The Philips Pinnacle Planning System 9.0 was used for IMRT planning. The treatment plan was designed for all patients with a standard coplanar 9-field gantry arrangement and delivered using a Siemens Primus Linac equipped with a 58-leaf MLC. A direct machine parameter optimization (DMPO) module was adopted for treatment planning. The maximum number of segments was set to 80, the minimum segment area was 5 cm², and the minimum monitor unit (MU) was 5 MUs. A collapsed-cone convolution algorithm was used to calculate dosage with a dose grid resolution of 3 mm. According to the planning of the RTOG 0225 clinical trial, the prescribed dose was as follows: 6,600–7,040 cGy to the PTVnxd and PTVnd in 32 fractions, 6,000 cGy to the PTV1 and PTV2 in 30–32 fractions, and 5,400 cGy to the PTV3 in 30–32 fractions. For the planning of reduced-volume IMRT recommendations, the prescribed dose was the same as given in the RTOG-0225 guidelines, except for CTV1. The prescribed dose included 6,000 cGy to the PTV1-h in 30–32 fractions and 5,400 cGy to the PTV1 in 30 fractions.
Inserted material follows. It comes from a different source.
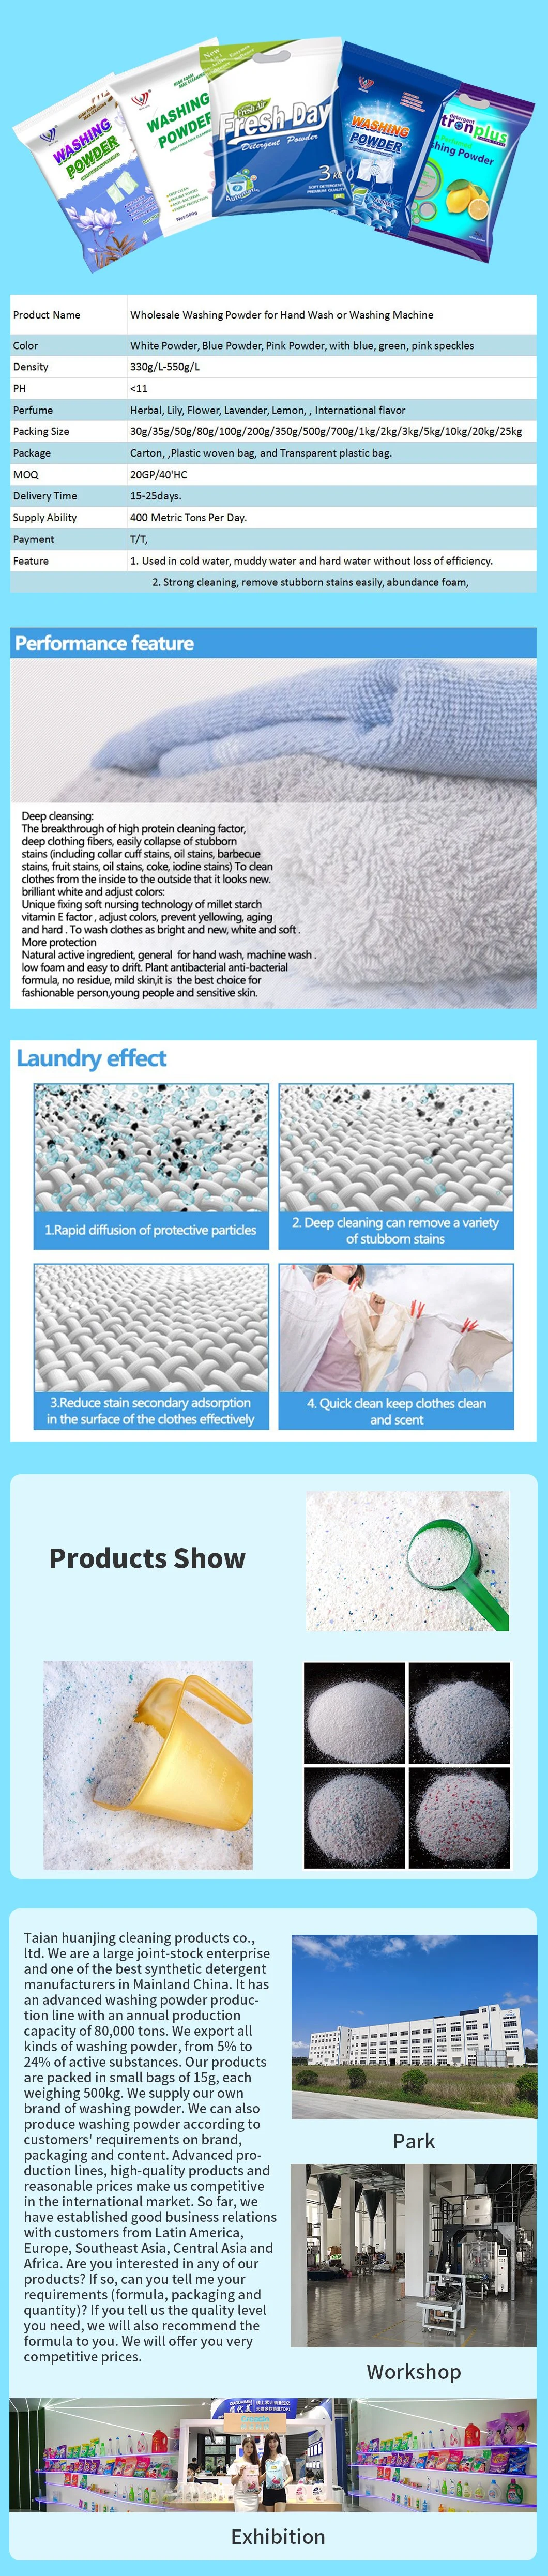 Machine Wash / Hand Wash / Strong Fragrance / High Foaming / Washing Powder Soap Powder / Laundry Detergent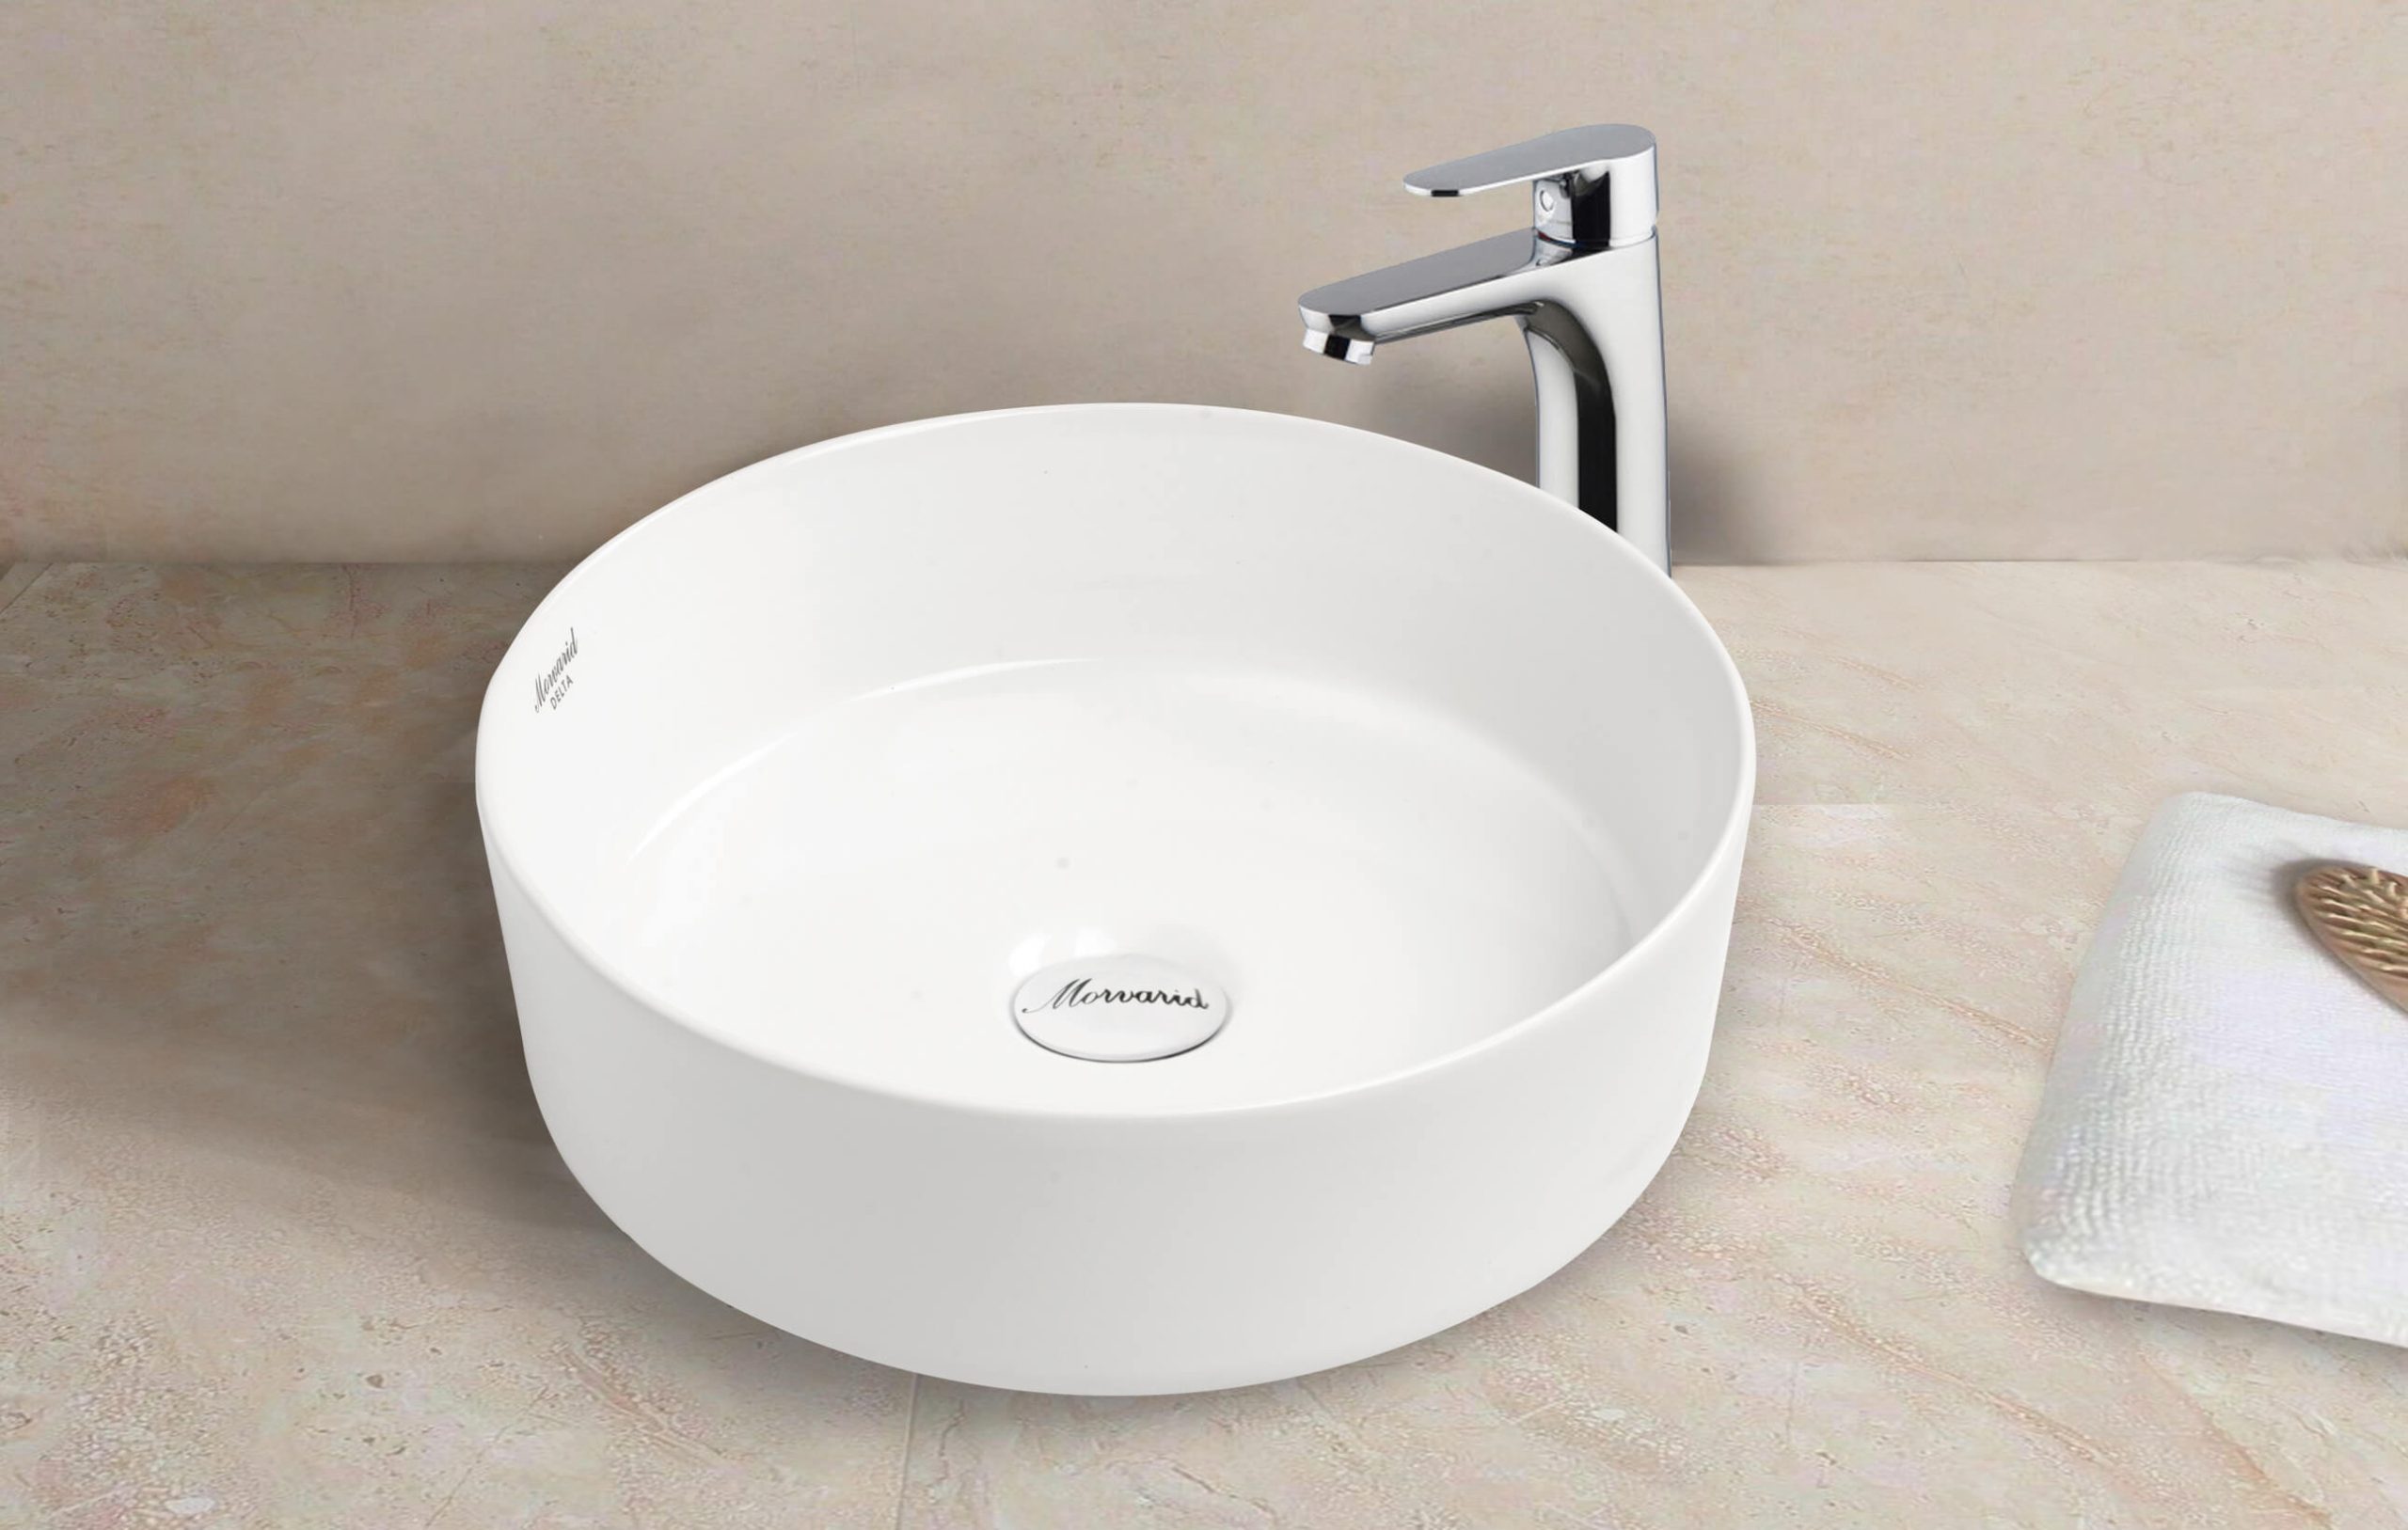 morvarid counter wash basin delta model 0 scaled - کاسه روشویی روکار مروارید مدل دلتا -  - drop-in-sinks

The treatment goals for the IMRT plan were that the prescribed dose would cover 95% of the PTV volume, and the maximum dose would not exceed 107%. Regarding the OARs, the maximum doses to the brain stem and the spinal cord were set to 5,400 and 4,500 cGy, respectively. In addition, the doses to other normal tissues was minimized within a reasonable range without affecting the target coverage.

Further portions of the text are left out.